▶ WHAT YOU SHOULD DO: Give back the lines below exactly, but do not include any pictures.

(DATA BLOCK begins)

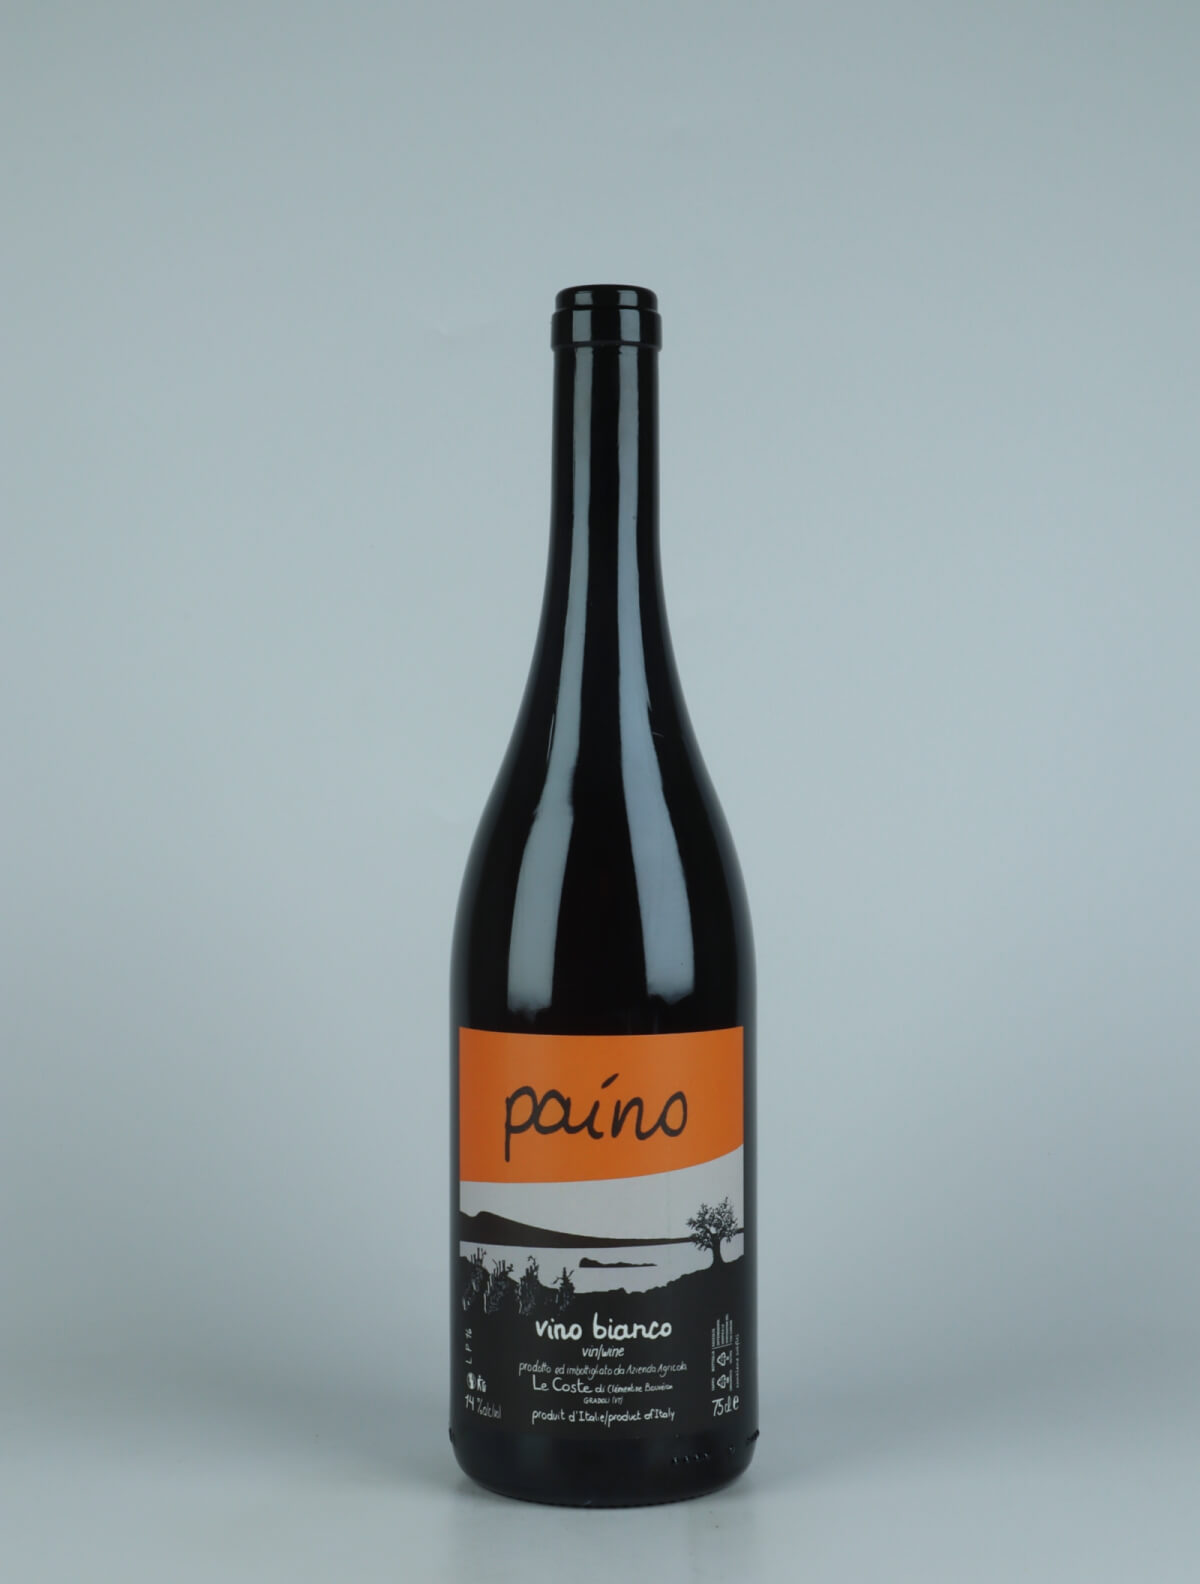 A bottle 2016 Paino Bianco Orange wine from Le Coste, Lazio in Italy
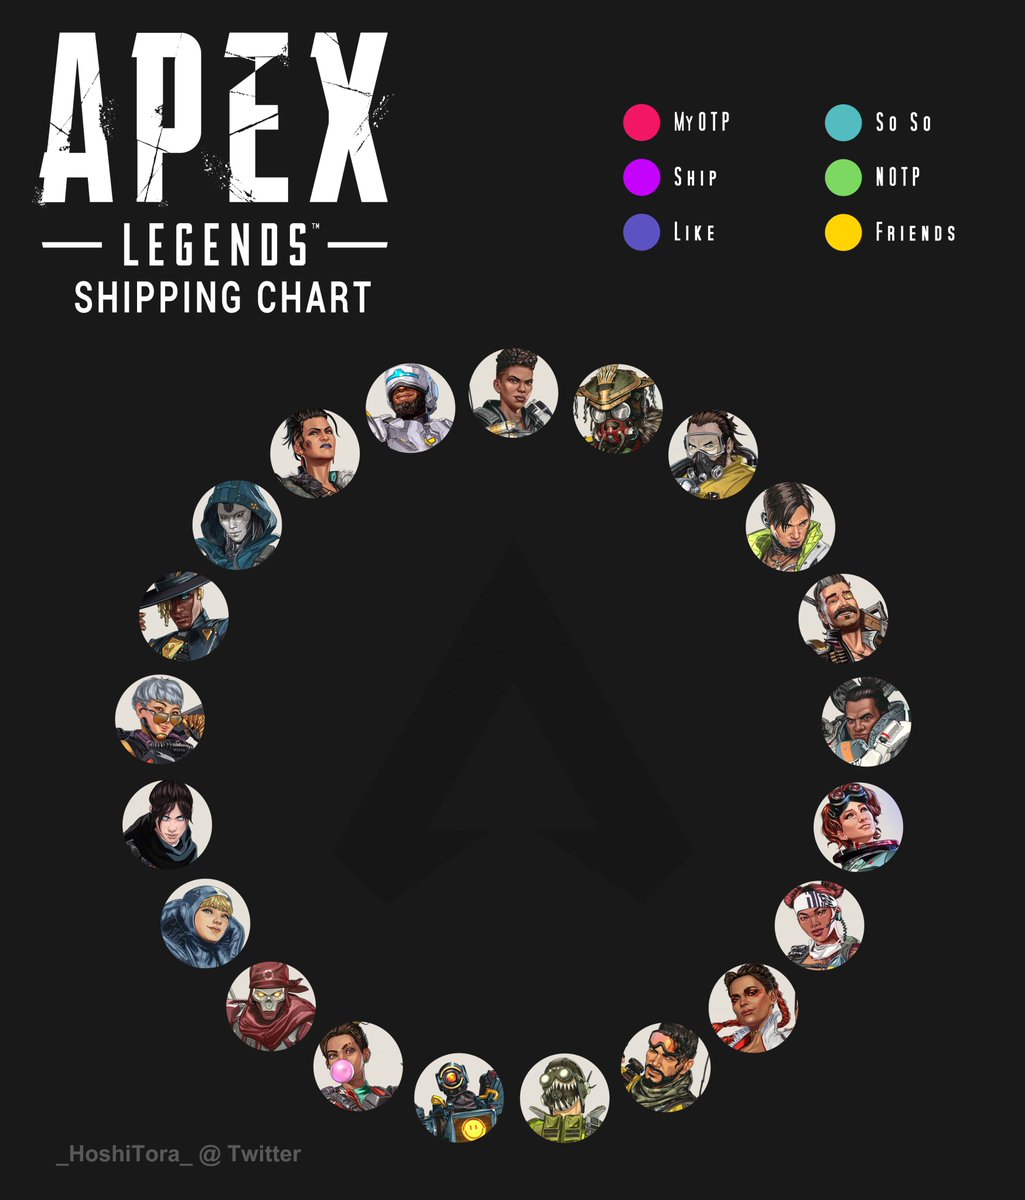 RT @_HoshiTora_: Updated Apex Legends Shipping chart! Season 13 hooray!
#ApexLegends https://t.co/vVmR0ljKxq
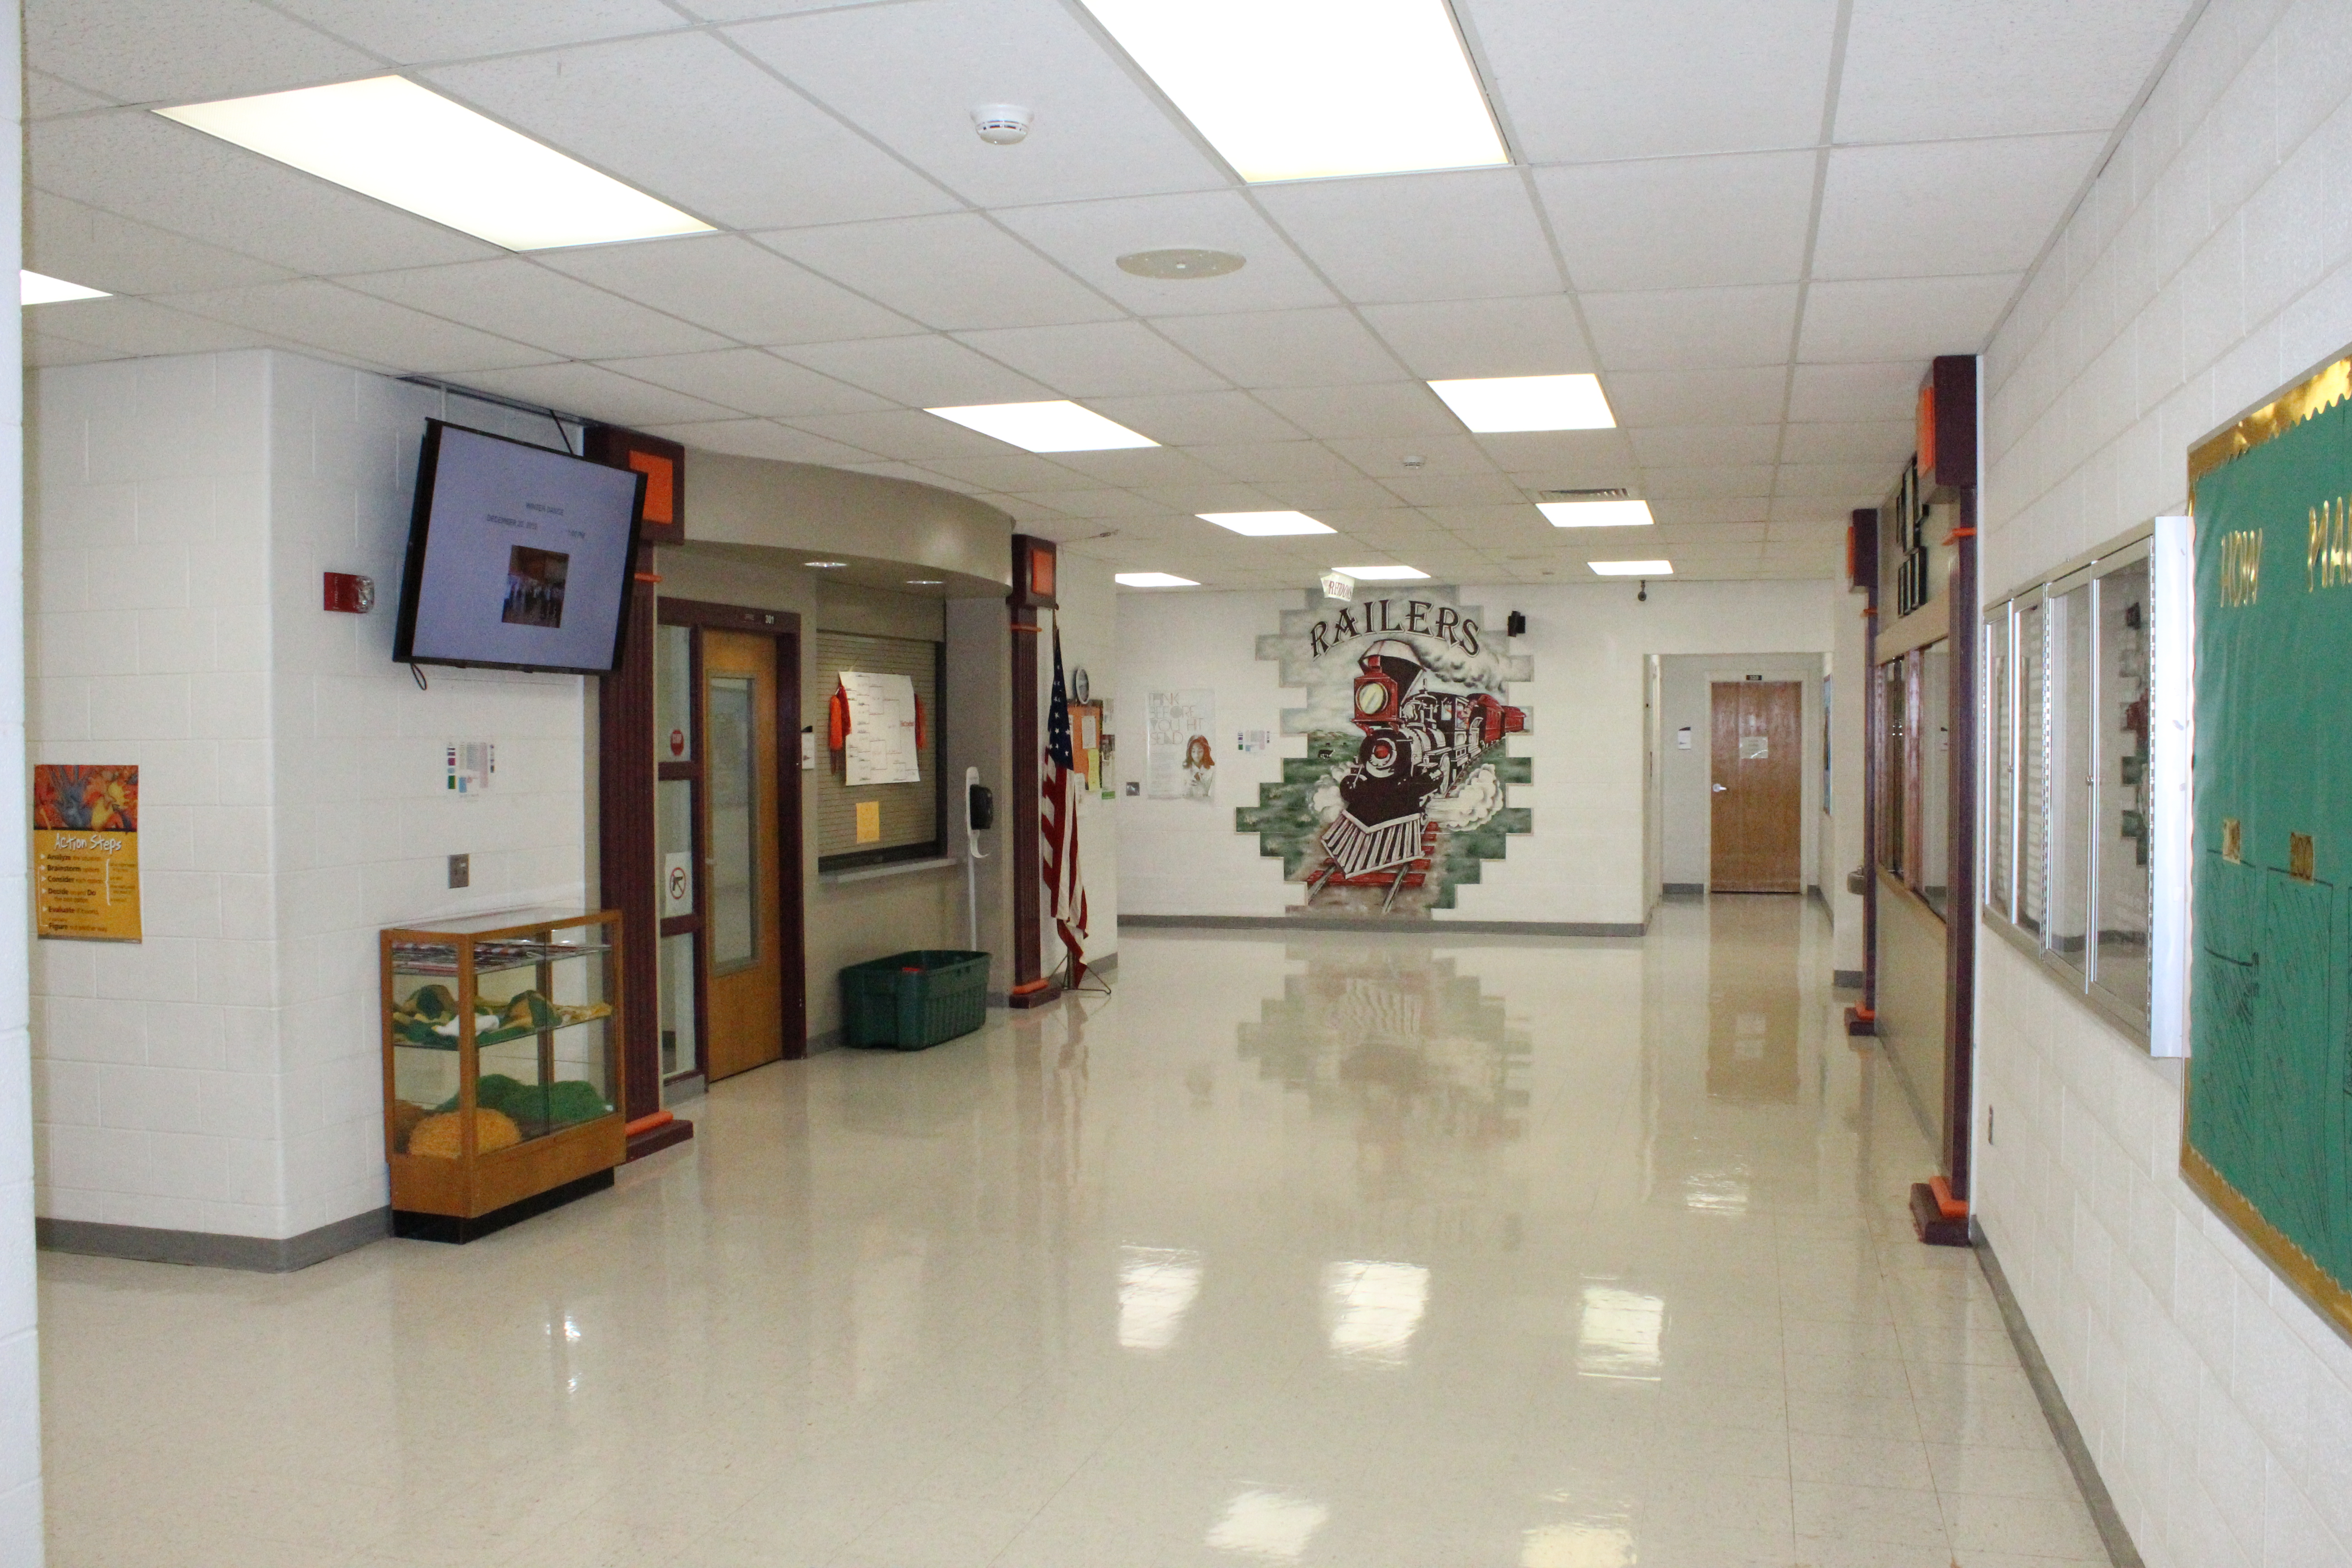 A hallway insisde Herington Middle School.

(DATA BLOCK ends)

▶ WRITTEN ANSWER:
 A bottle 2016 Paino Bianco Orange wine from Le Coste, Lazio in Italy
 RT @_HoshiTora_: Updated Apex Legends Shipping chart! Season 13 hooray!
#ApexLegends https://t.co/vVmR0ljKxq
 A hallway insisde Herington Middle School.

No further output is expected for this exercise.